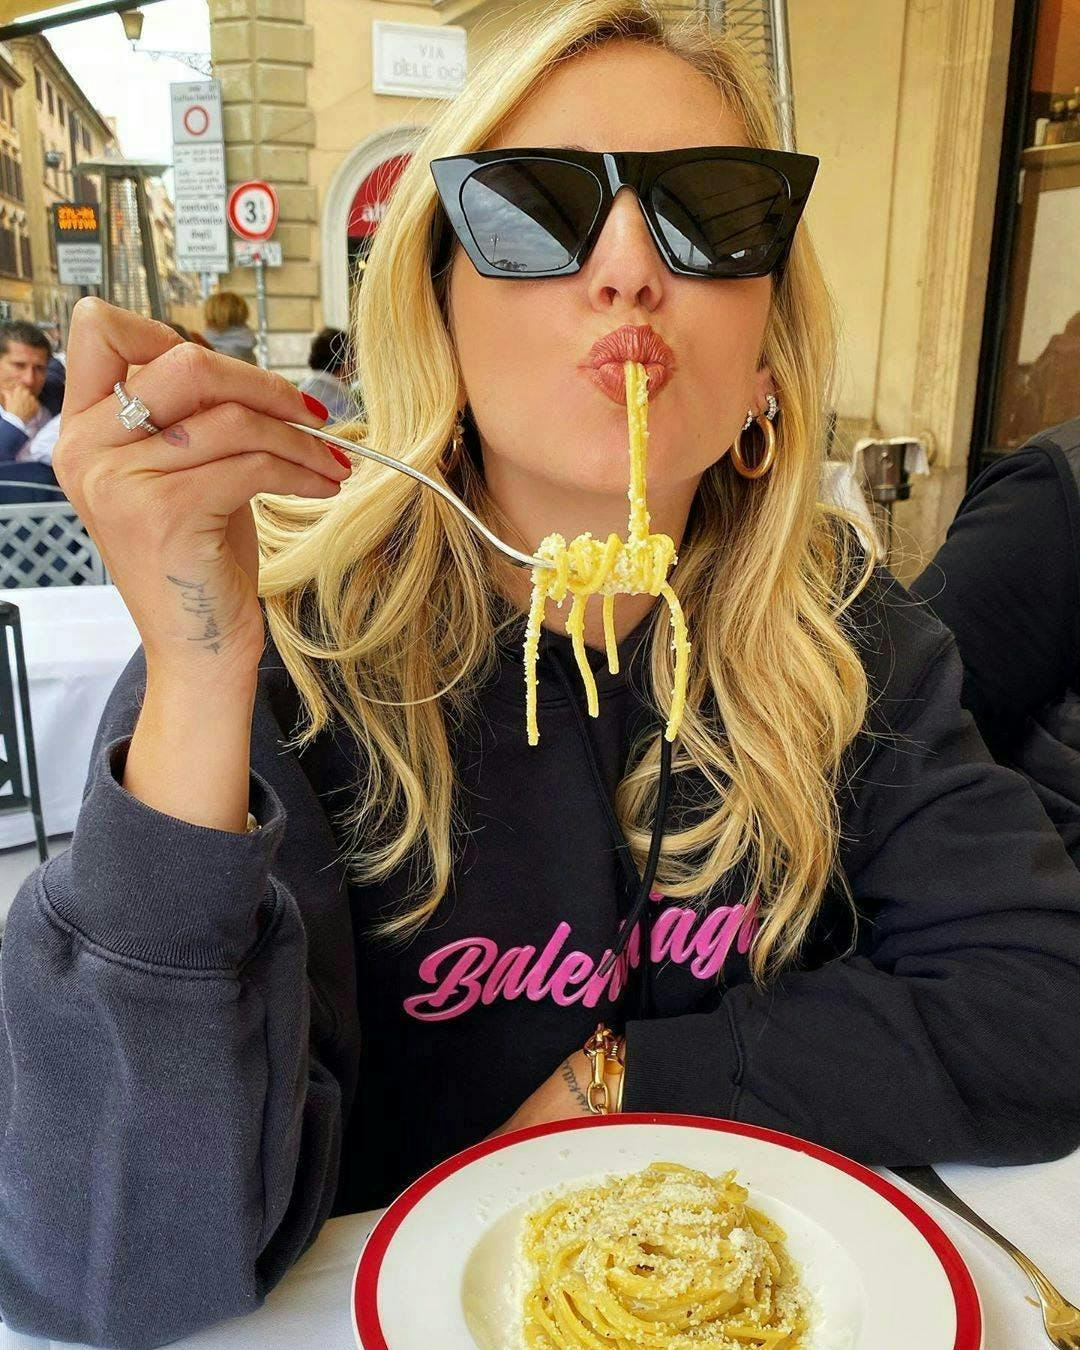 person human sunglasses accessories accessory noodle food pasta meal spaghetti
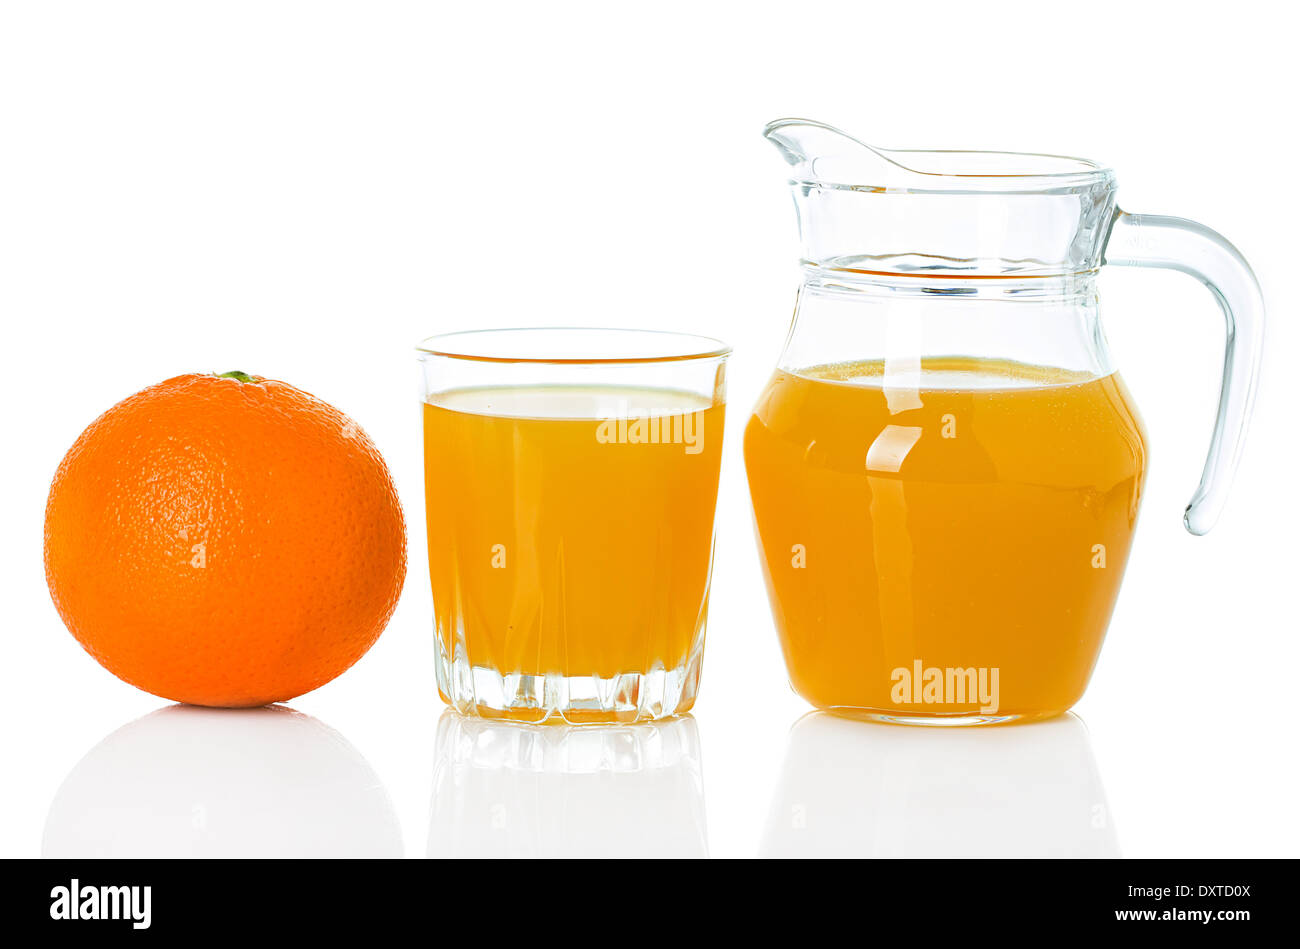 https://c8.alamy.com/comp/DXTD0X/orange-juice-DXTD0X.jpg
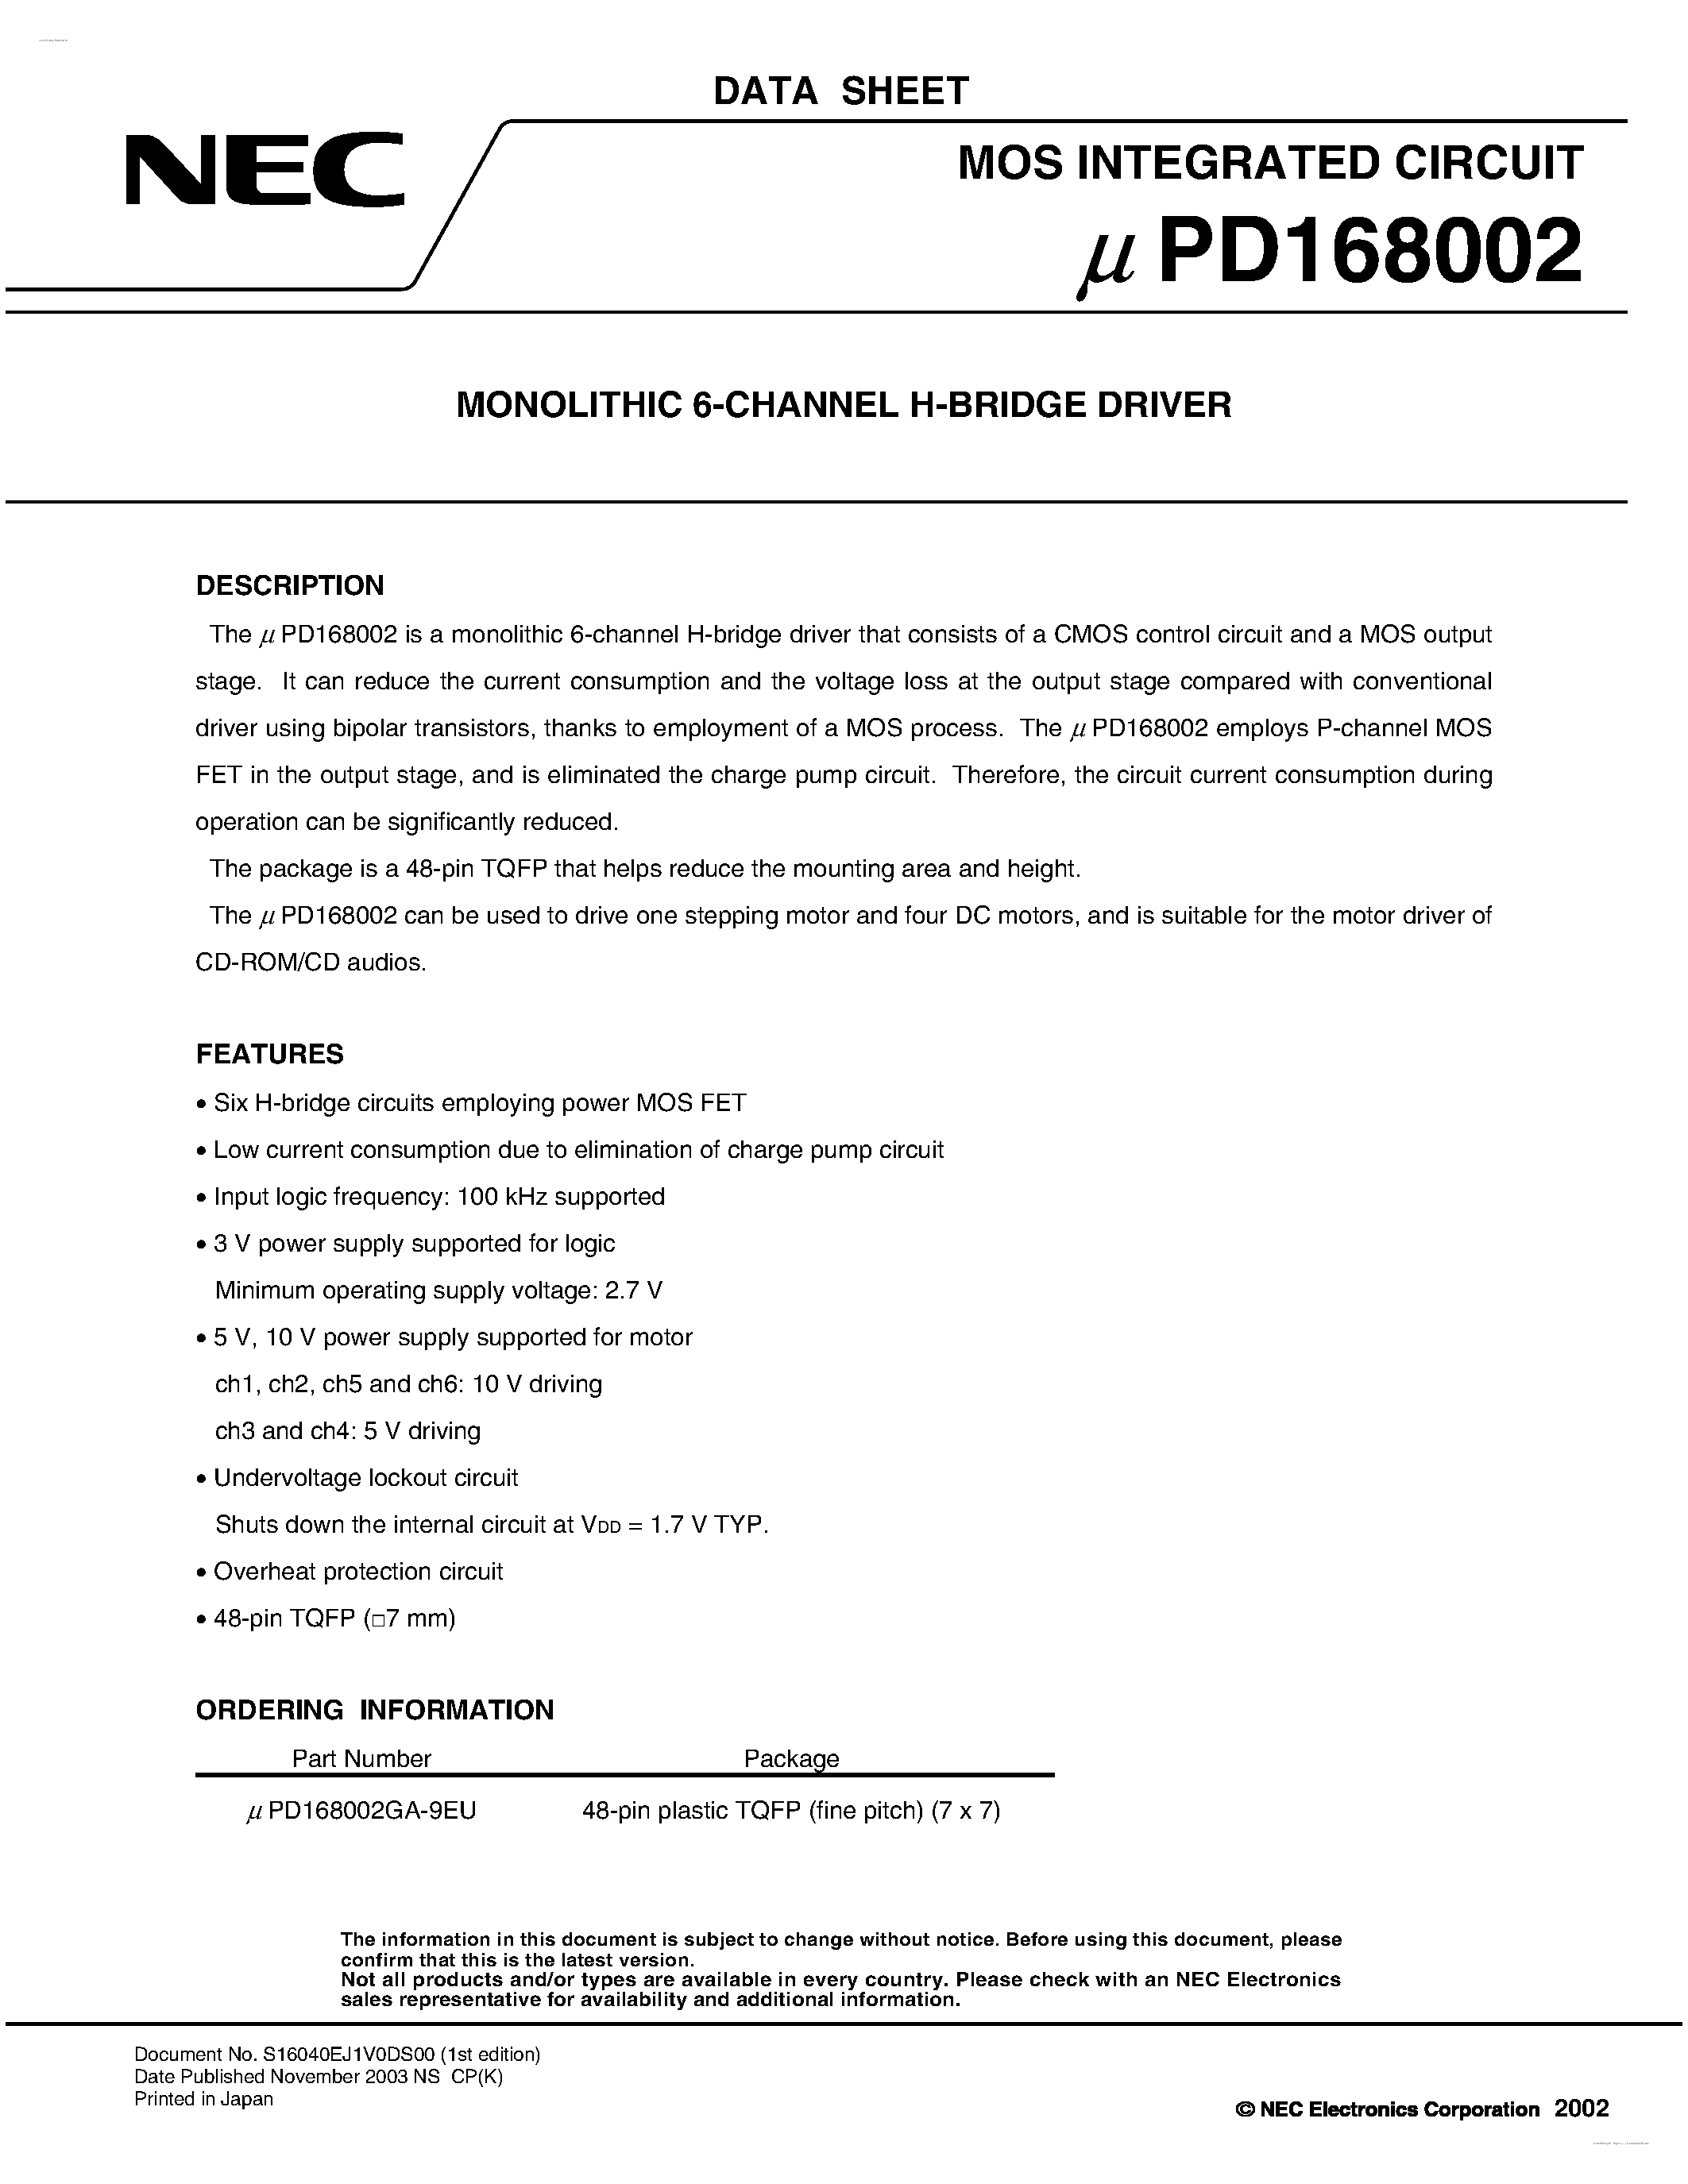 Даташит UPD168002 - MONOLITHIC 6-CHANNEL H-BRIDGE DRIVER страница 1
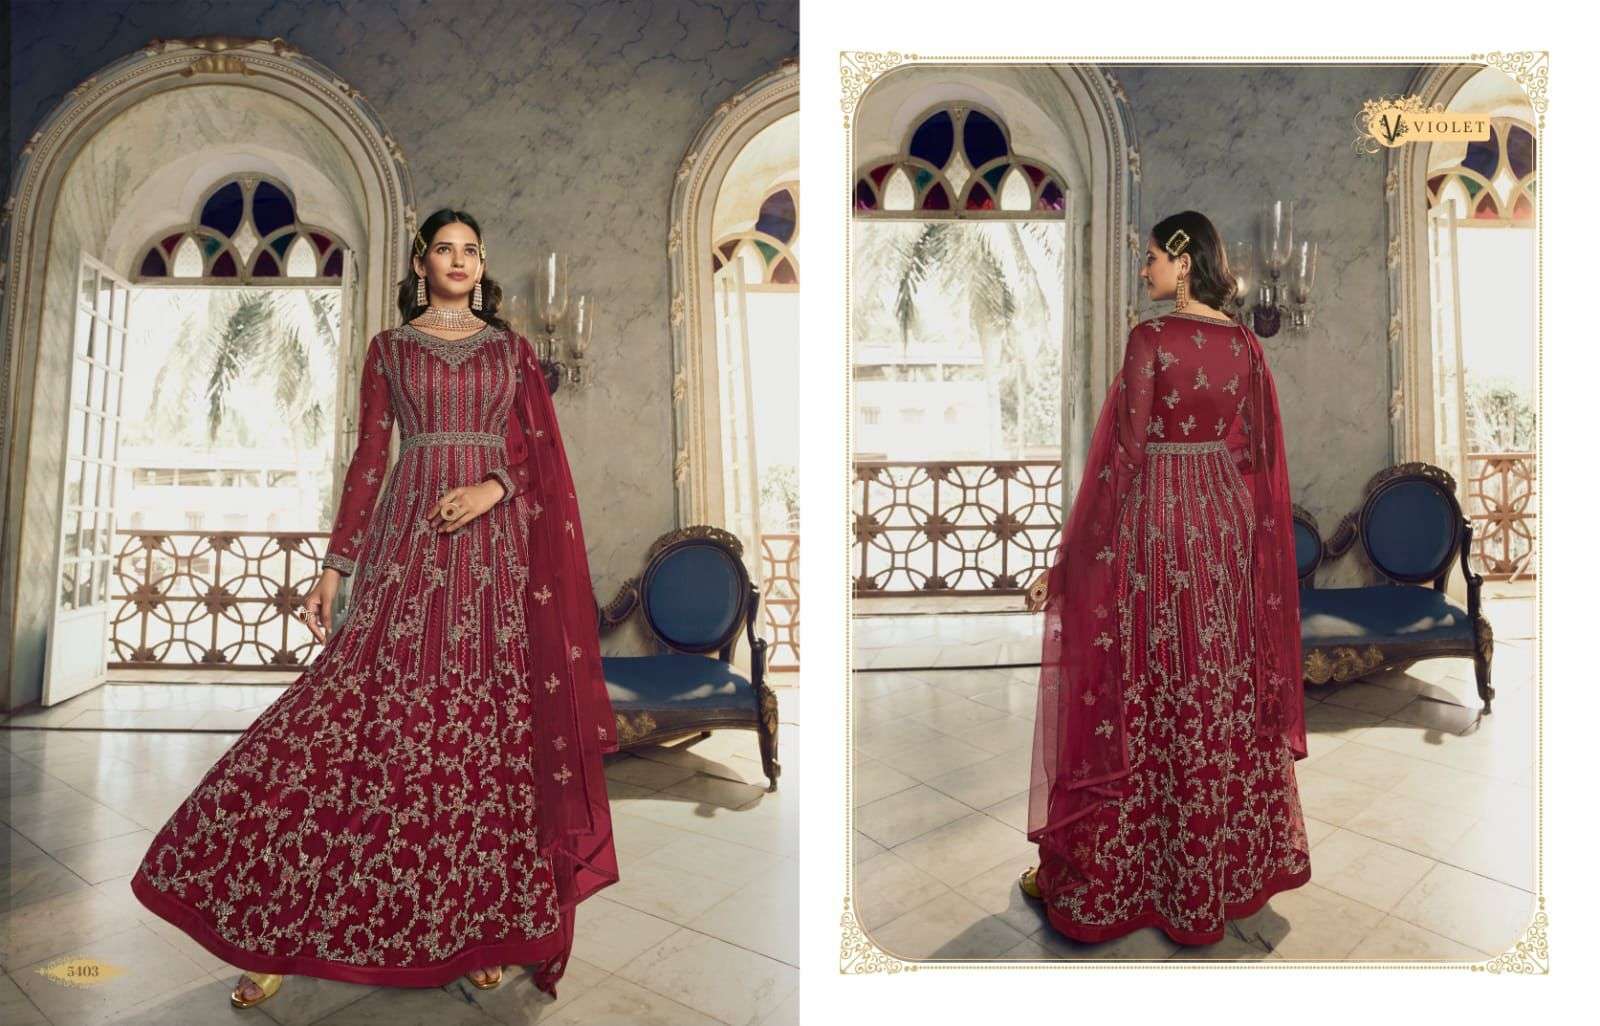 swagat violet 5401-5408 series festival collection party wear salwar suits wholesale price surat

[Exercise directions] Where the line containing "https://c8.alamy.com/comp/DXTD0X/orange-juice-DXTD0X.jpg" appears, begin writing out the lines word for word, and continue through the last line of the data, leaving out pictures.

[Solution to the problem]
 https://c8.alamy.com/comp/DXTD0X/orange-juice-DXTD0X.jpg
 Даташит UPD168002 - MONOLITHIC 6-CHANNEL H-BRIDGE DRIVER страница 1
 swagat violet 5401-5408 series festival collection party wear salwar suits wholesale price surat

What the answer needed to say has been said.